• _Your task_:
Print the records below exactly, from the line containing "Hollow Point &" down to the line containing "7C03B2DC-96EF-46BB-8904-8720AA160A4E", both lines included, and omit every picture.

• _Material to process_:
◆ ◆ ◆ ◆
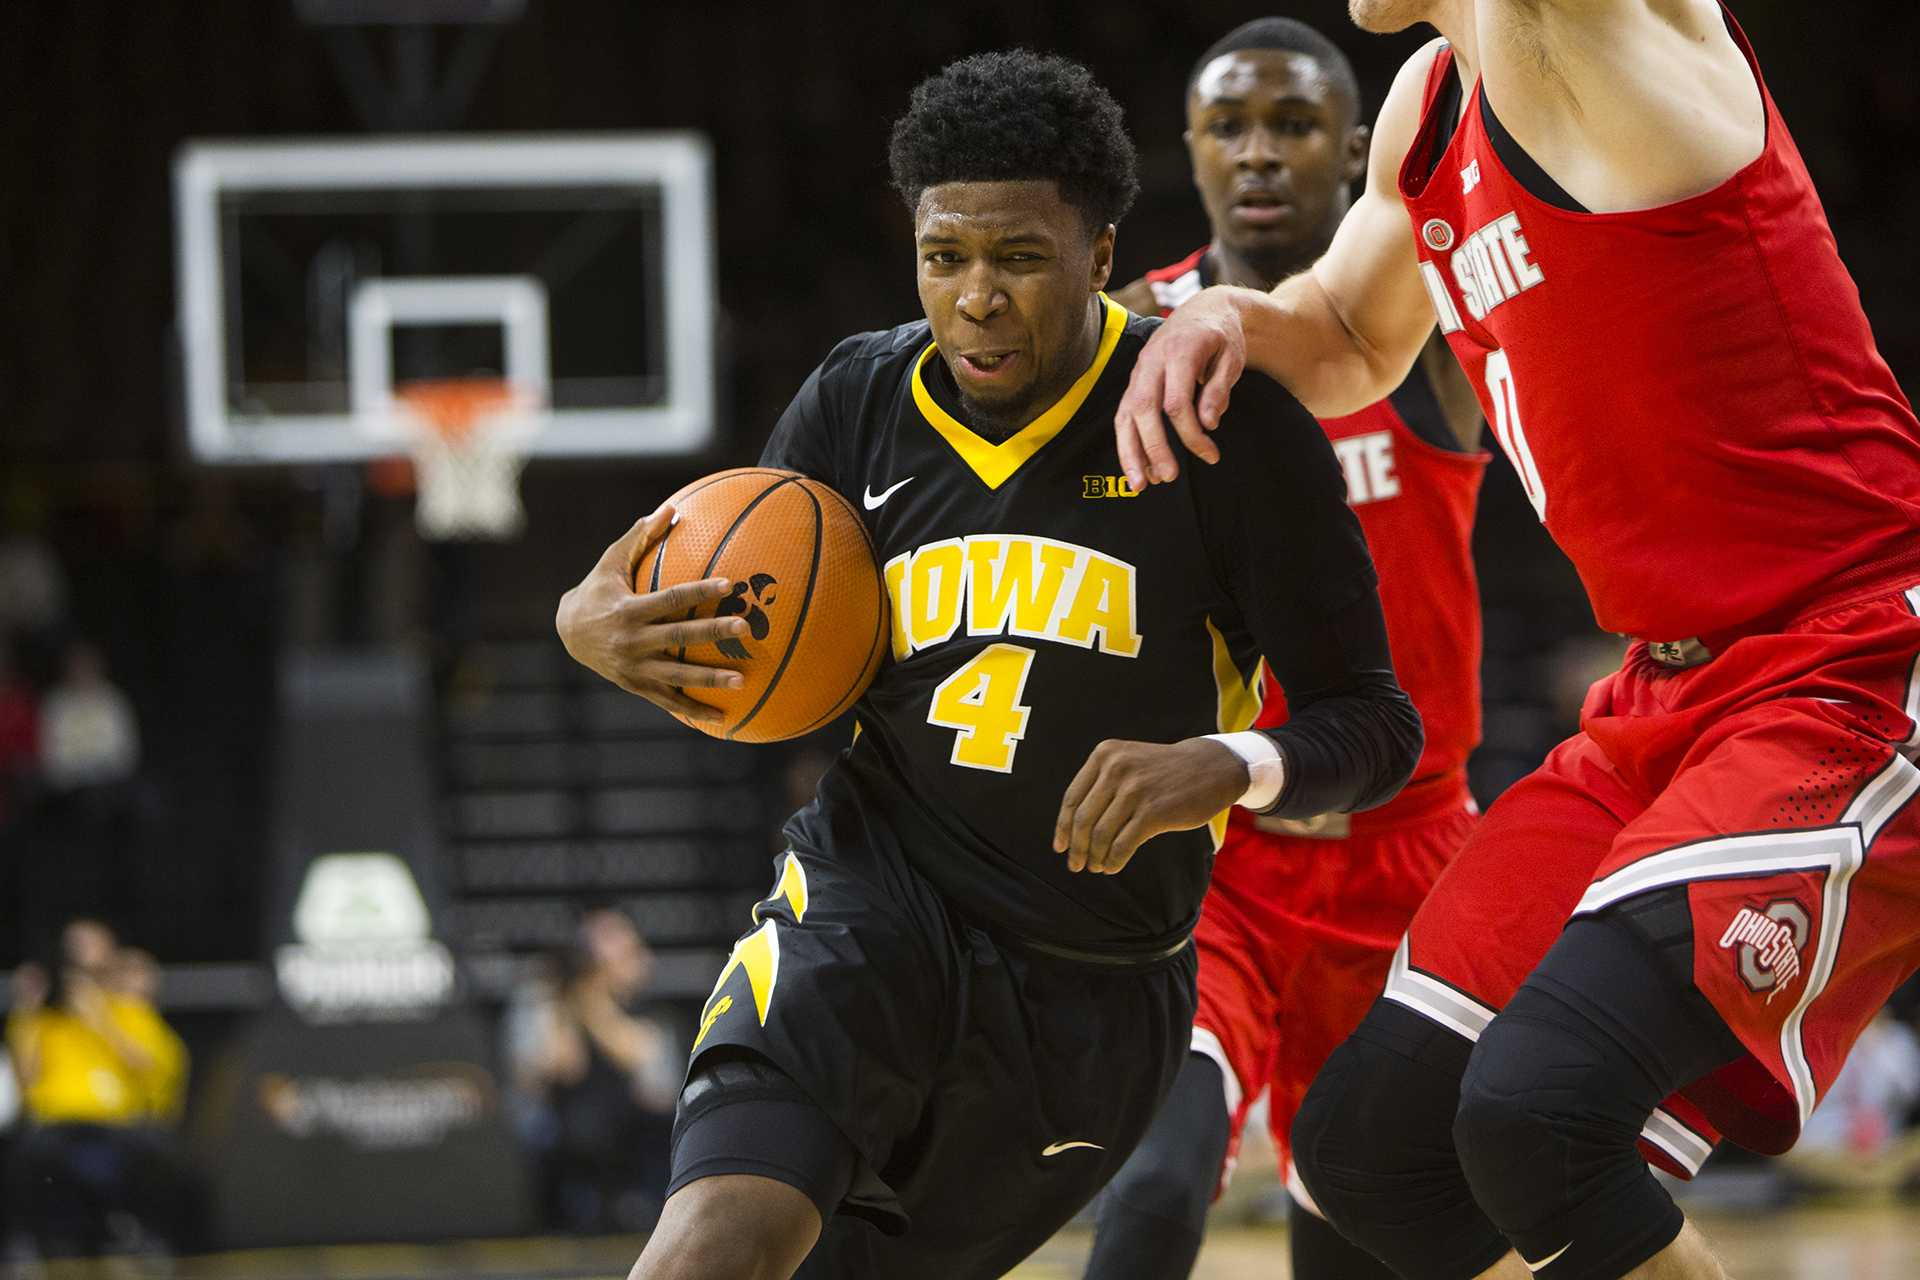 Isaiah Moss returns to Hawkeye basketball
◆ ◆ ◆ ◆
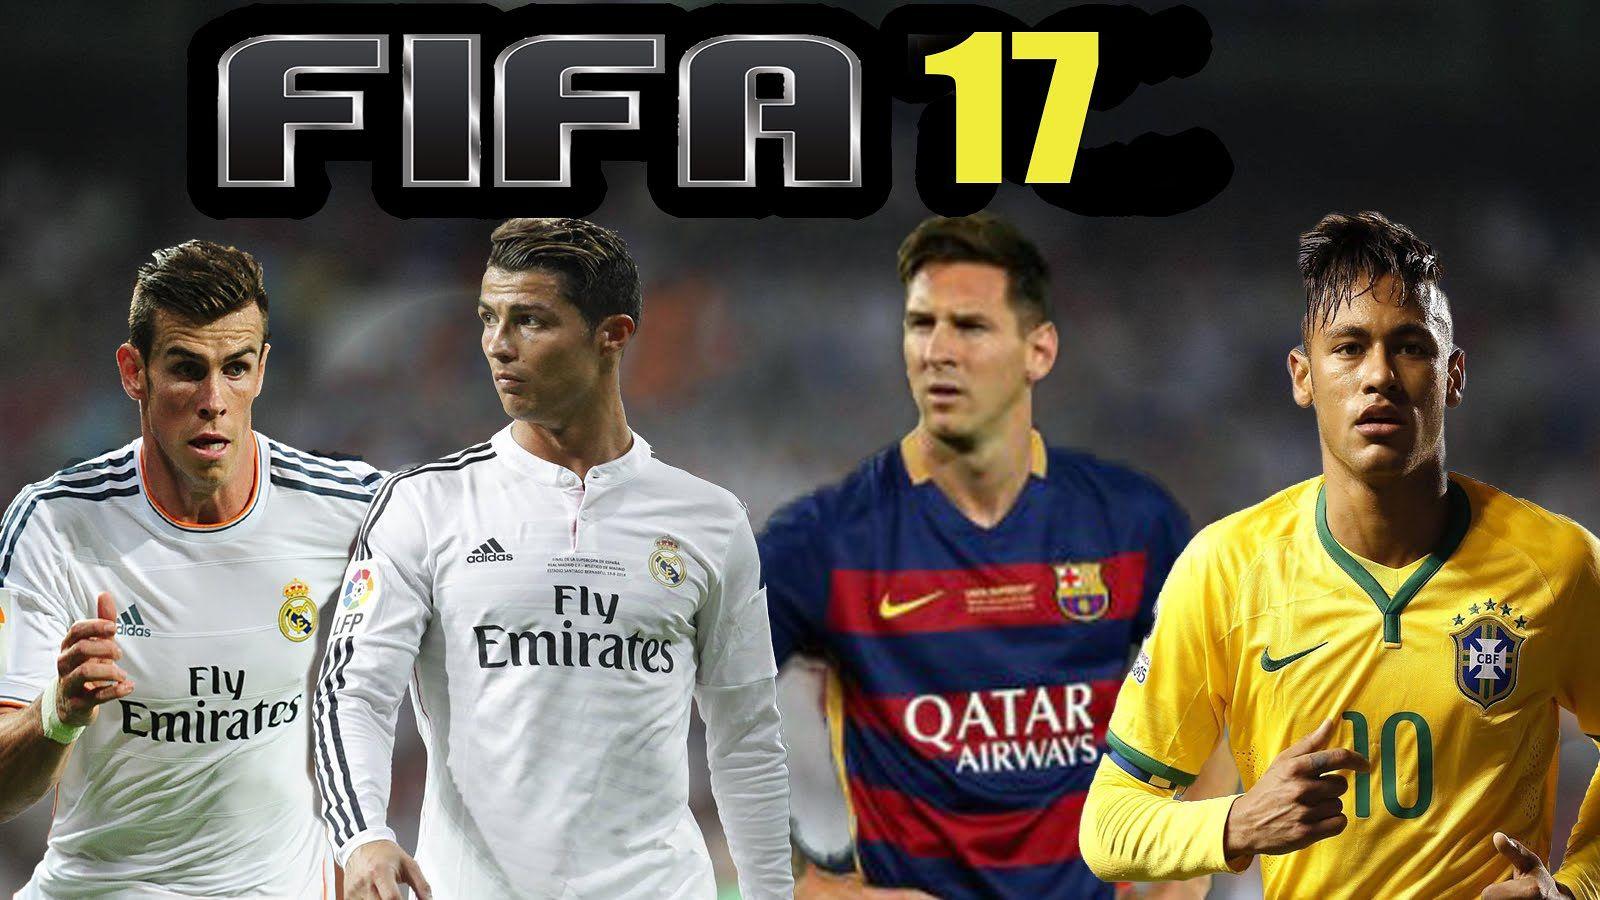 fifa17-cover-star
◆ ◆ ◆ ◆
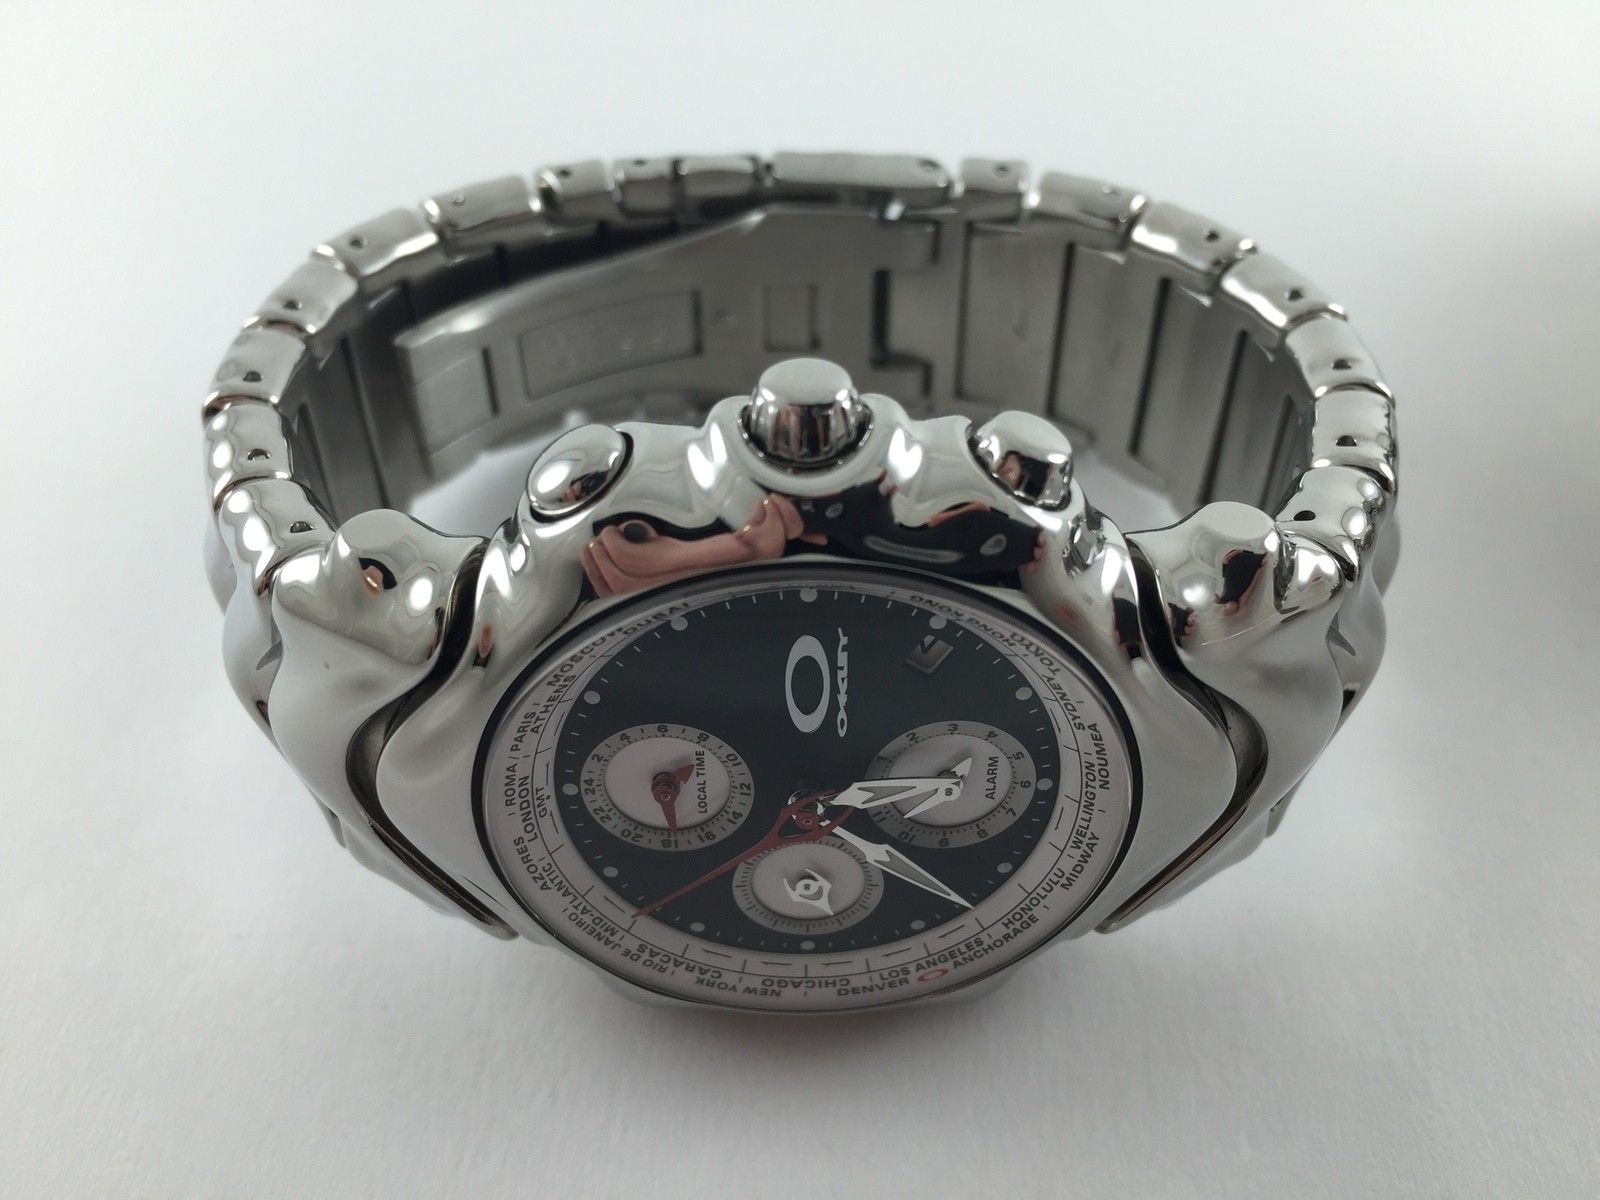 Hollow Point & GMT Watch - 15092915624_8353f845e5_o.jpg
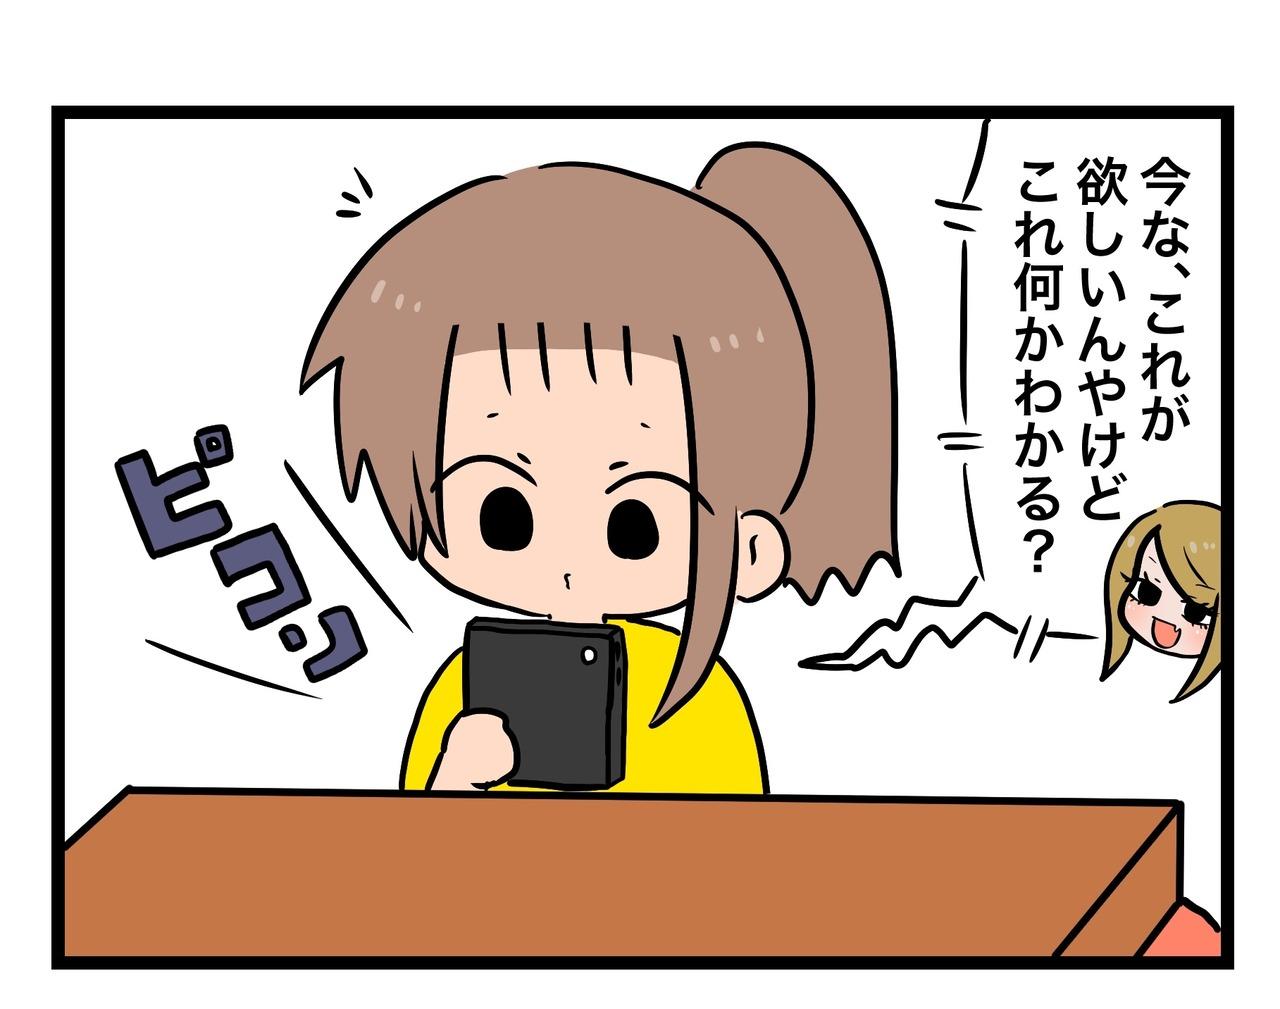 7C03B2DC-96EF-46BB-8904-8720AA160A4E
◆ ◆ ◆ ◆
• _Response to this task_:
 Hollow Point & GMT Watch - 15092915624_8353f845e5_o.jpg
 7C03B2DC-96EF-46BB-8904-8720AA160A4E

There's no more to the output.